Is cybersecurity for connected fleets a “nerdy” topic that is best left to the computer scientists and other IT experts, or do fleet executives have a direct responsibility to understand and ensure the security program for their fleet?
This was my opening question at a panel on cybersecurity for connected fleets at the recent Connected Fleet Conference in Brussels, Belgium. I had a chance to discuss this and related questions with two eminent experts in the field: Dr. Dan Massey, director of technology, cybersecurity and policy at the University of Colorado Boulder and part of the Neutral Vehicle Consortium (and formerly program manager for the Cybersecurity Division at the U.S. Department of Homeland Security); and Ted Guild, connected vehicle lead at W3C and research staff at the MIT Computer Science and Artificial Intelligence Laboratory (CSAIL).
Their answer was clear and unequivocal: Cybersecurity is an executive responsibility; it cannot be abdicated or blindly delegated — be it to an inside department or outside provider. This was their analogy: Senior executives must not and will not leave a firm’s finances to the accounting department (alone) or people development to the HR department (alone); the same way, fleet executives must have a grasp of cybersecurity at the concept level and must ask the right questions of their IT departments and vendors to satisfy themselves that a robust program is in place.
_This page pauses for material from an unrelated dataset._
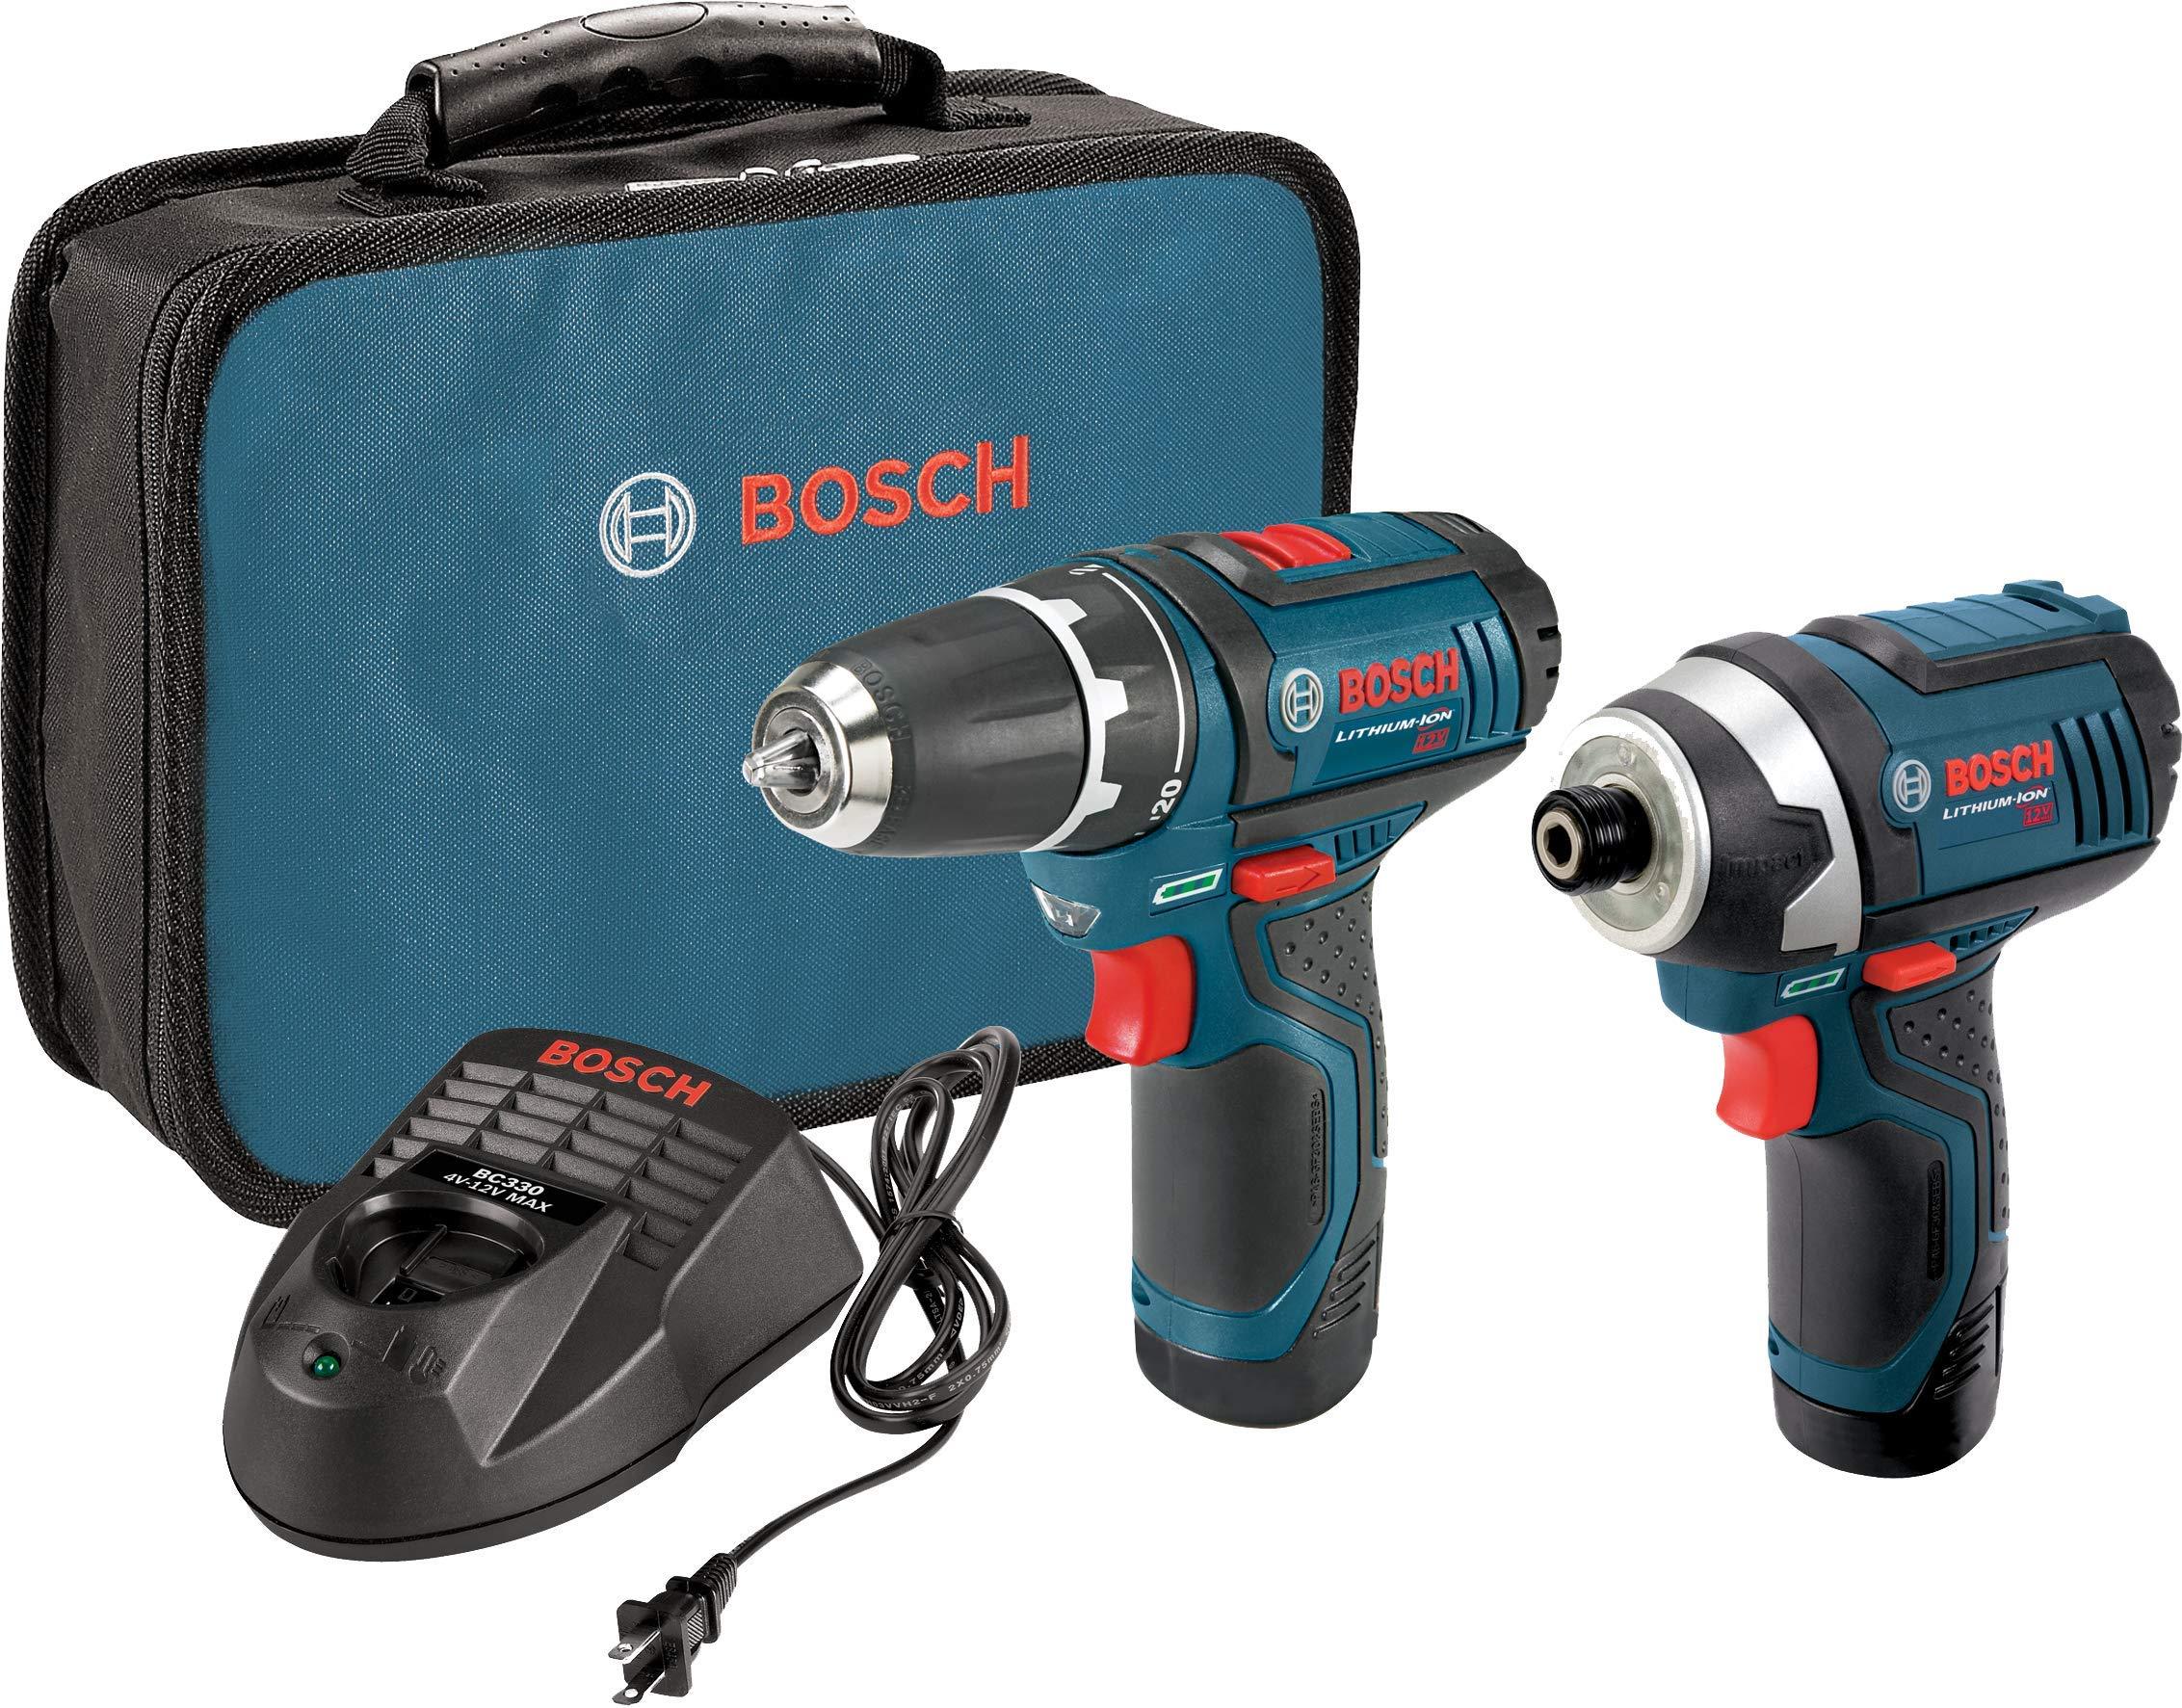 Bosch CLPK22 120 Lithium Ion Batteries Carrying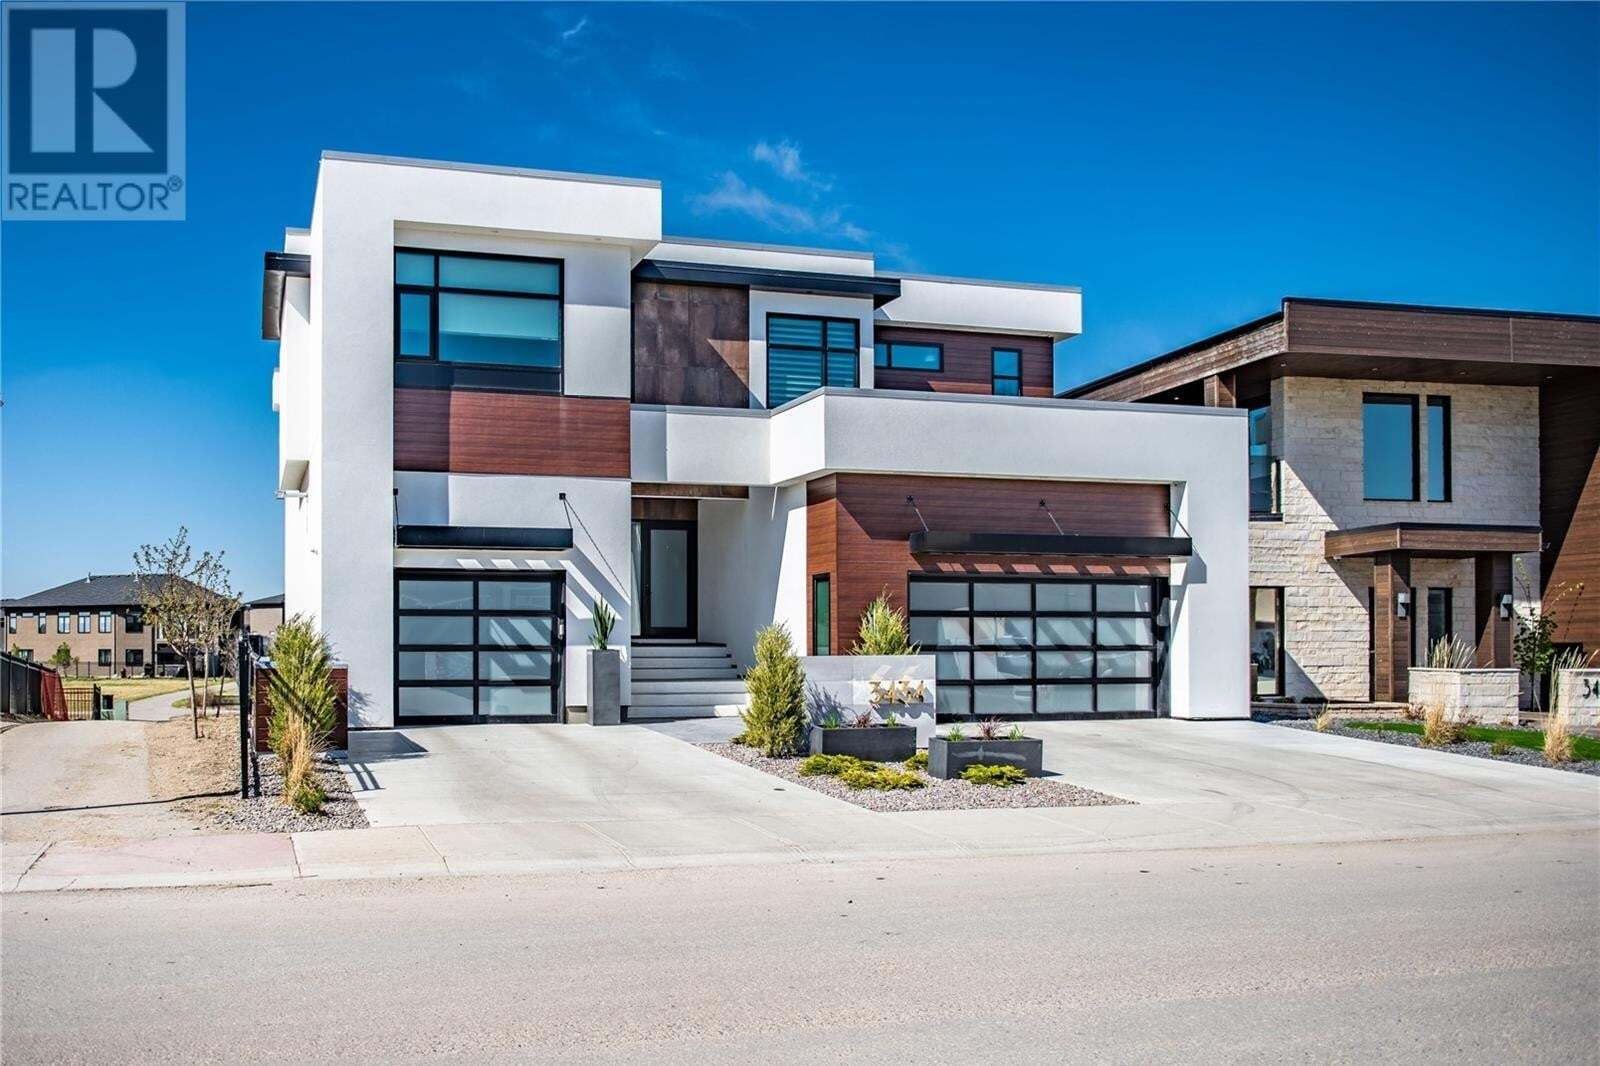 House for sale at 3434 Green Brook Rd Regina Saskatchewan - MLS: SK809649

At the same time, cybersecurity is of course a highly technical subject matter and fleets must rely on experienced and specialized technical experts both inside and outside the firm. Thus, taking responsibility does not mean becoming a cyber expert; but it does mean understanding the fundamentals. So the answer to our questions is actually not “either-or” but “both.”
The follow-up question was: “How do executives take responsibility?”
The answers here were very practical. With all the technical sophistication and often enormity of detail in cybersecurity there are four principles that should be top of mind for fleet executives:
- Cybersecurity for connected fleet starts with a standards-based security program that is then tailored towards the specific context of connected fleets. An example of a fleet specific set of security recommendations that can be implemented in the framework of a broader standard such as ISO or NIST is the telematics cybersecurity primer for agencies prepared for the Department of Homeland Security by the U.S. DOT Volpe National Transportation Systems Center. Such a specific set of recommendations will ensure that fleet-related risks, threats, and vulnerabilities are appropriately addressed. The Neutral Vehicle Consortium at the University of Colorado is actively engaged in bringing forward fleet specific security recommendations and advance their adoption in the fleet industry.
- Fleet executives must appreciate that it will always be hard for “insiders” who have designed the system to take on the mindset of an outside intruder. The “bad guys” just think differently. Therefore, while it may sound counter-intuitive, “open systems” — those that are fully disclosed and documented — are actually more secure than closed systems that are only known to insiders and adversaries looking for vulnerabilities. In closed systems, the defender is on their own whereas in an open system the defender can enlist their system users as allies. Companies should also employ outsiders to assess the security system and look for weaknesses — this outside perspective and testing is crucial.
- Security is always a journey and never a destination. Adversaries will constantly always look for new and creative ways to break through; there simply is no such thing as a flawless system. Those who say otherwise either suffer from ignorance and hubris or are willfully lying. The key therefore is to start with a sound architecture, detect flaws early and patch them immediately. That’s why over-the-air patching using digitally signed updates is the third crucial component of any fleet security program.
- Finally, connected fleets do not exist in isolation. They typically rely on systems and components supplied by third parties who must follow the above principles in their systems.
Thus, fleet executives should be asking four critical questions:
- Does our fleet follow leading cybersecurity standards and is their implementation geared towards the fleet and transportation industry?
- Do we use outside experts to test/challenge our security program?
- Do we disclose security vulnerabilities and do we have a reliable system for over-the-air patching?
- Do our strategic partners have good answers to the above questions?
Asking these four questions — not just once but on a regular basis — and insisting on answers that are clear, unequivocal and understandable is a concrete way that fleet executives can and must take responsibility for managing cyber risks.